### Your goal:
Using the listing below, print exactly everything from the line with "Joy Coffee Mug | Christmas Green" down to the line with "France, Gard, Ales, Ales", both included, and nothing more.

### Data for review:

[Start of Attachment]

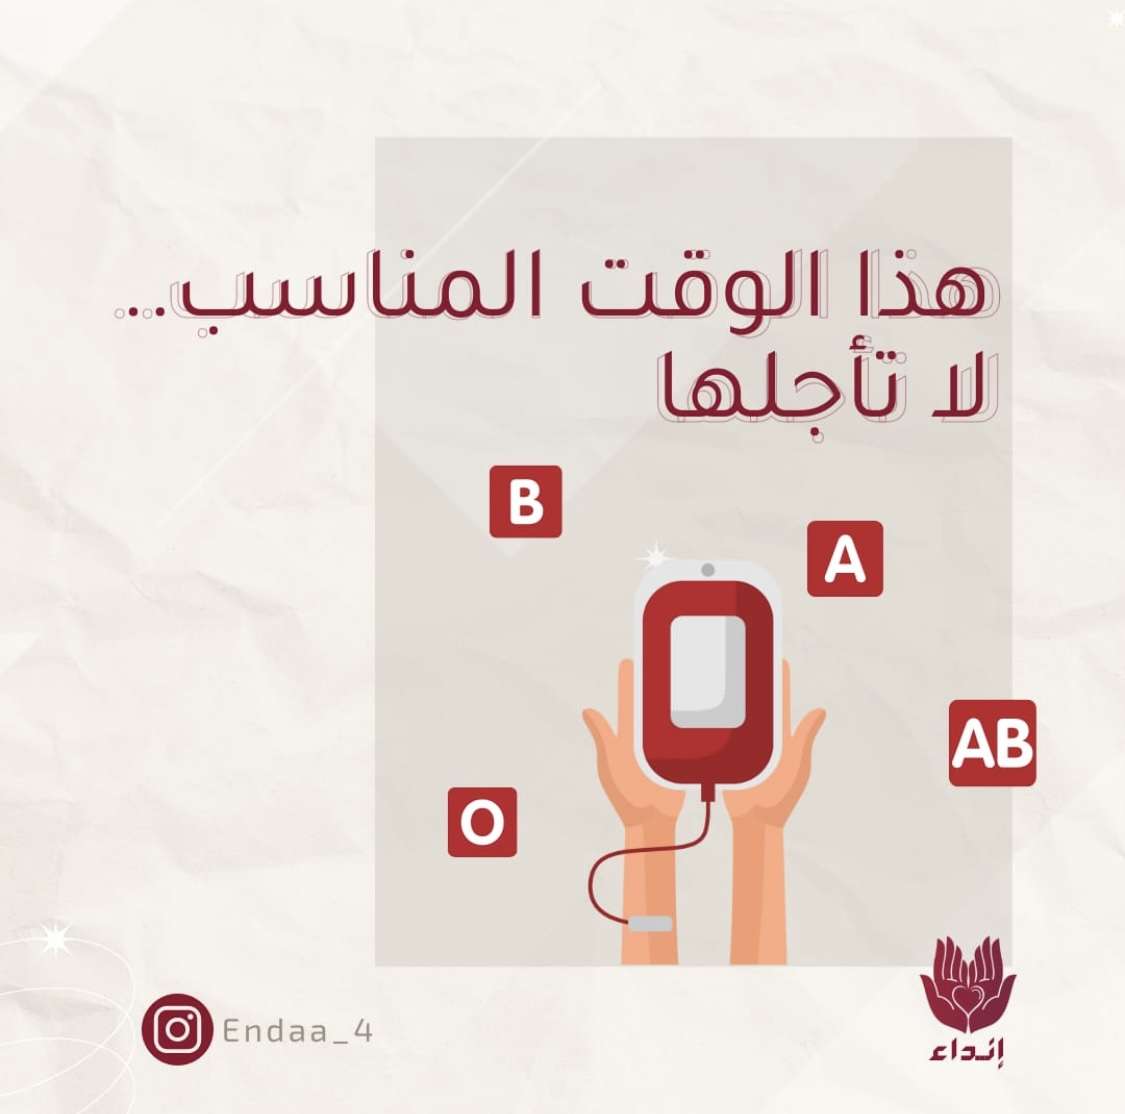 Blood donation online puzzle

[End of Attachment]
[Start of Attachment]

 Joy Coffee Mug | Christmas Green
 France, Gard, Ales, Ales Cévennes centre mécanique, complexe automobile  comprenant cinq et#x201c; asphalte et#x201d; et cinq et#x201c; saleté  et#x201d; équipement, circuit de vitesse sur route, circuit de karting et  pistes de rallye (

[End of Attachment]
[Start of Attachment]

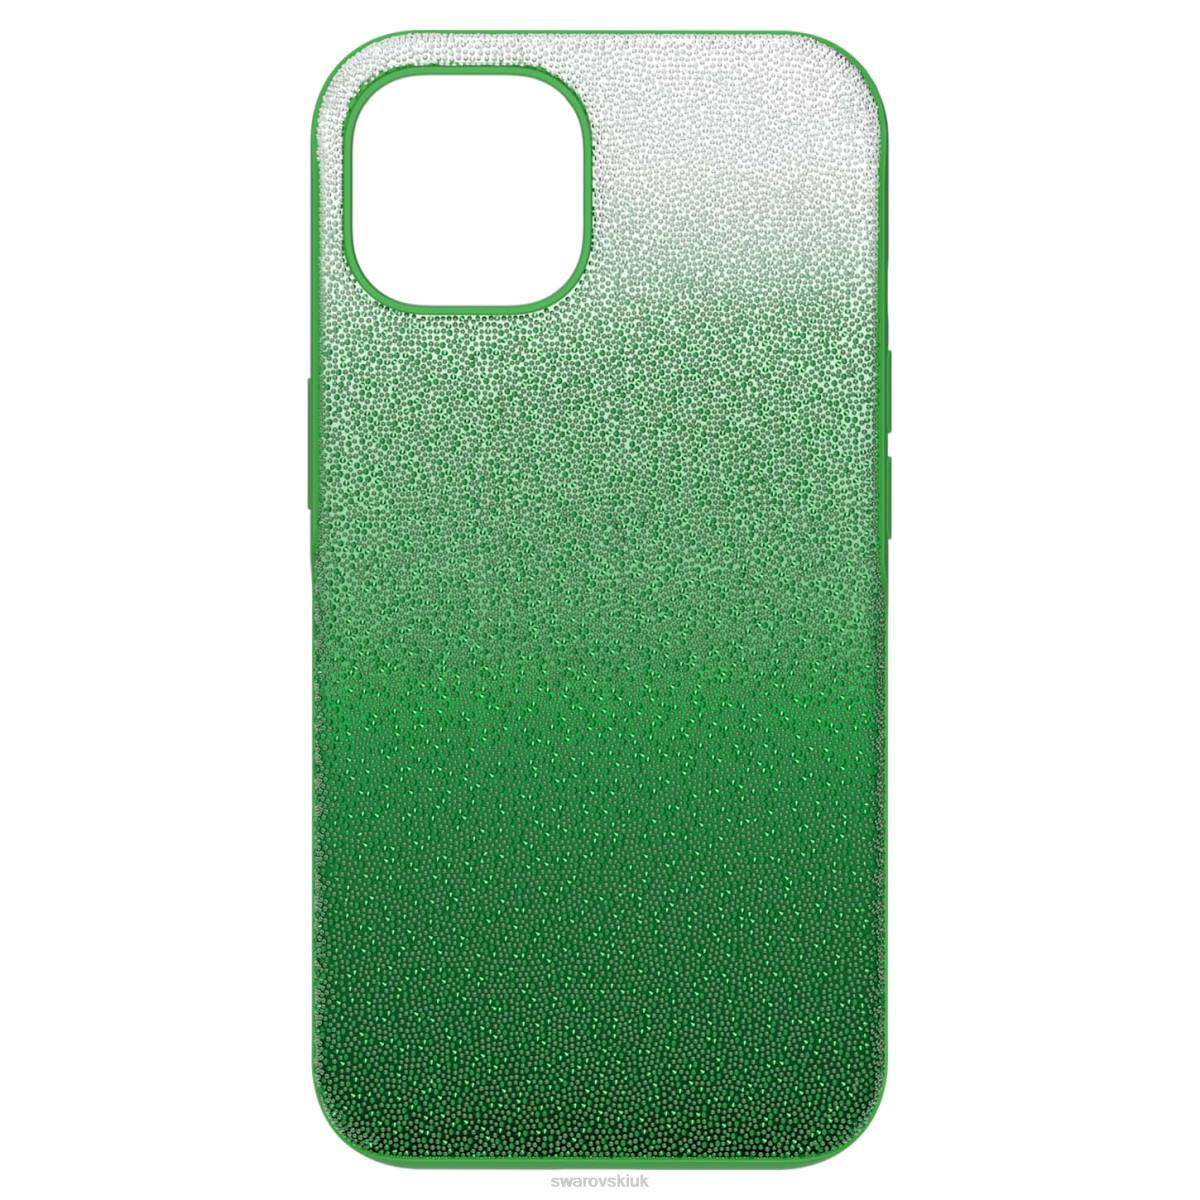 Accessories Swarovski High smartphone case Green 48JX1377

[End of Attachment]

### Answer section:
 Joy Coffee Mug | Christmas Green
 France, Gard, Ales, Ales Cévennes centre mécanique, complexe automobile  comprenant cinq et#x201c; asphalte et#x201d; et cinq et#x201c; saleté  et#x201d; équipement, circuit de vitesse sur route, circuit de karting et  pistes de rallye (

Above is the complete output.